_Aim of the exercise_: The whole listing below, with no pictures, is to be repeated as it stands.

_Collected data_:
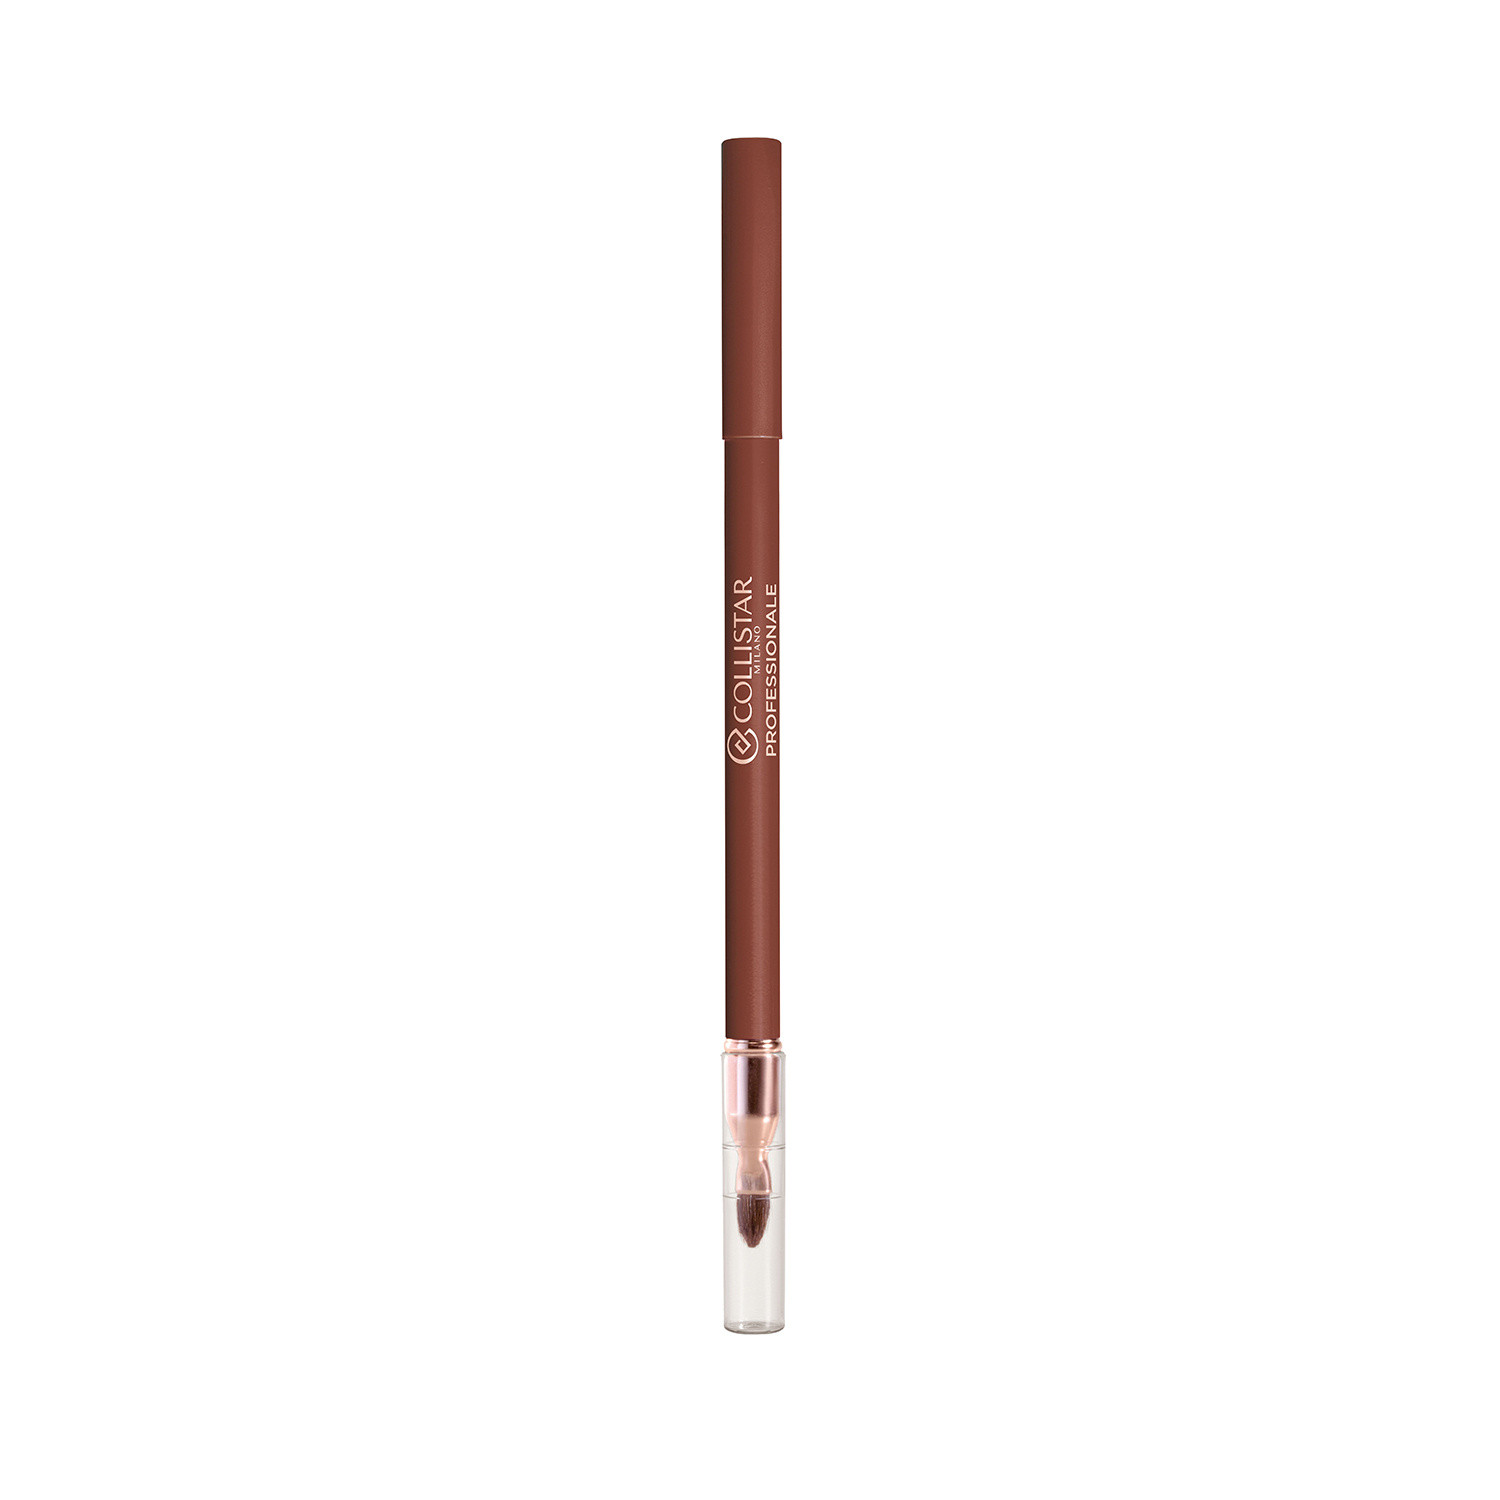 Collistar - Professionale matita labbra lunga durata - 3 Mattone, Rosso mattone, large image number 0
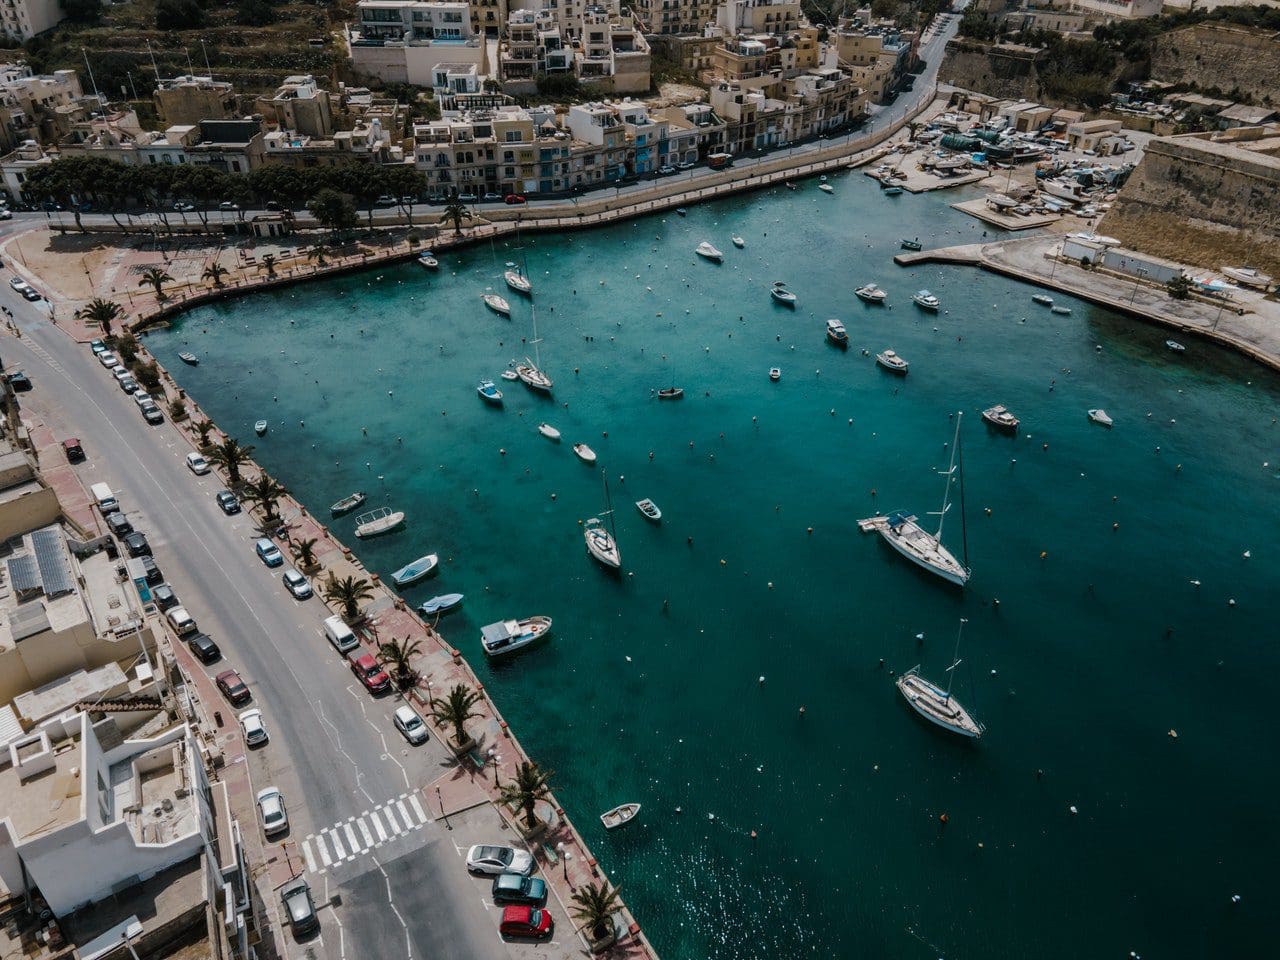 Marinas in Malta: Showcasing the Beauty of This Mediterranean Island Gem
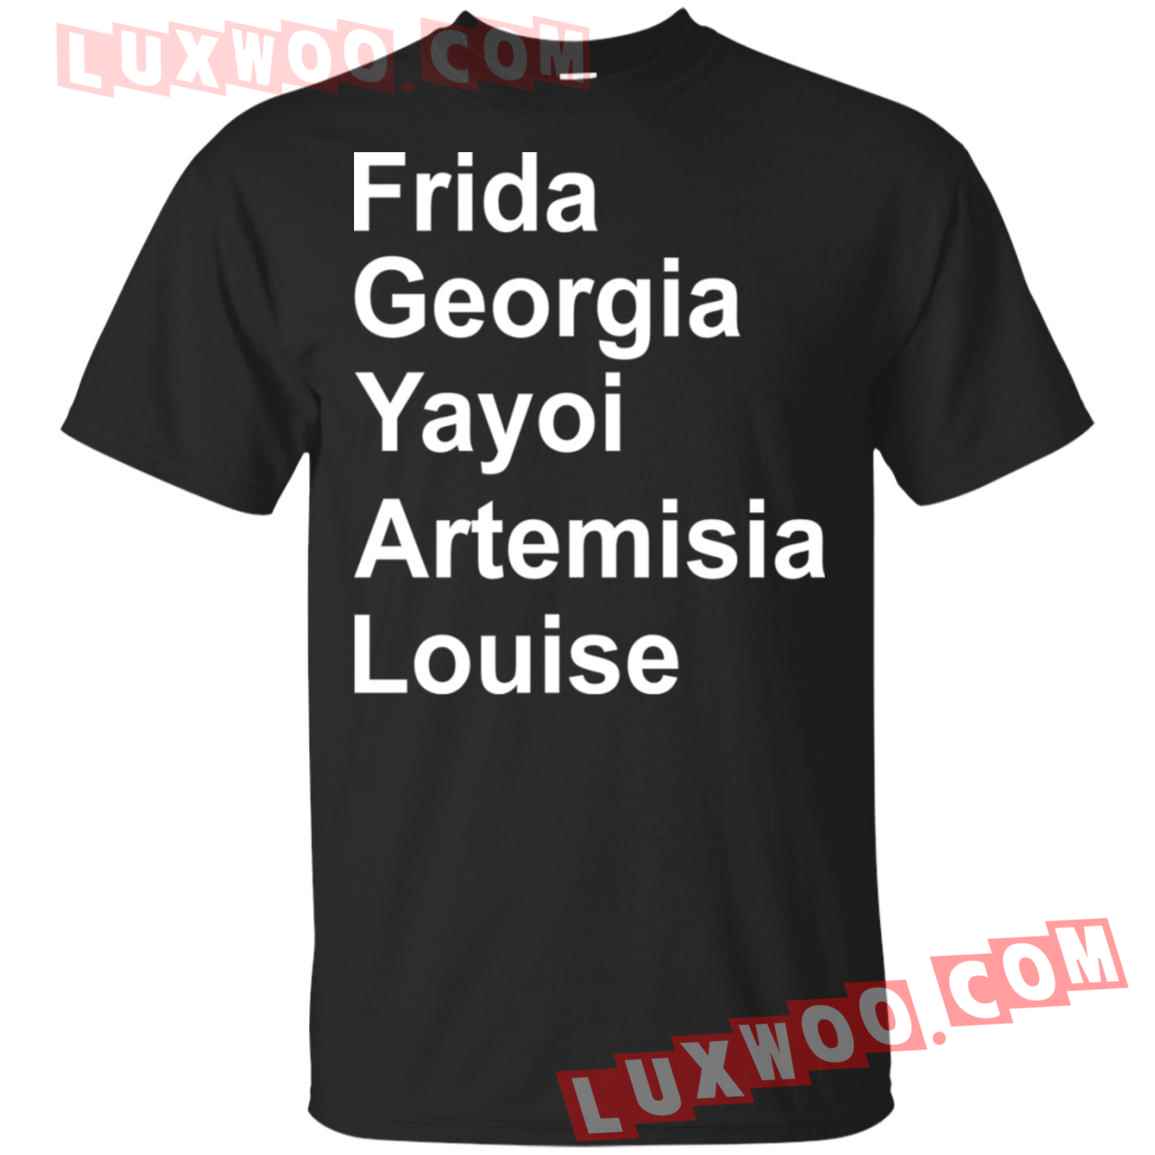 Frida Georgia Yayoi Artemisia Louise Shirt

_Answer to this task_:
 Collistar - Professionale matita labbra lunga durata - 3 Mattone, Rosso mattone, large image number 0
 Marinas in Malta: Showcasing the Beauty of This Mediterranean Island Gem
 Frida Georgia Yayoi Artemisia Louise Shirt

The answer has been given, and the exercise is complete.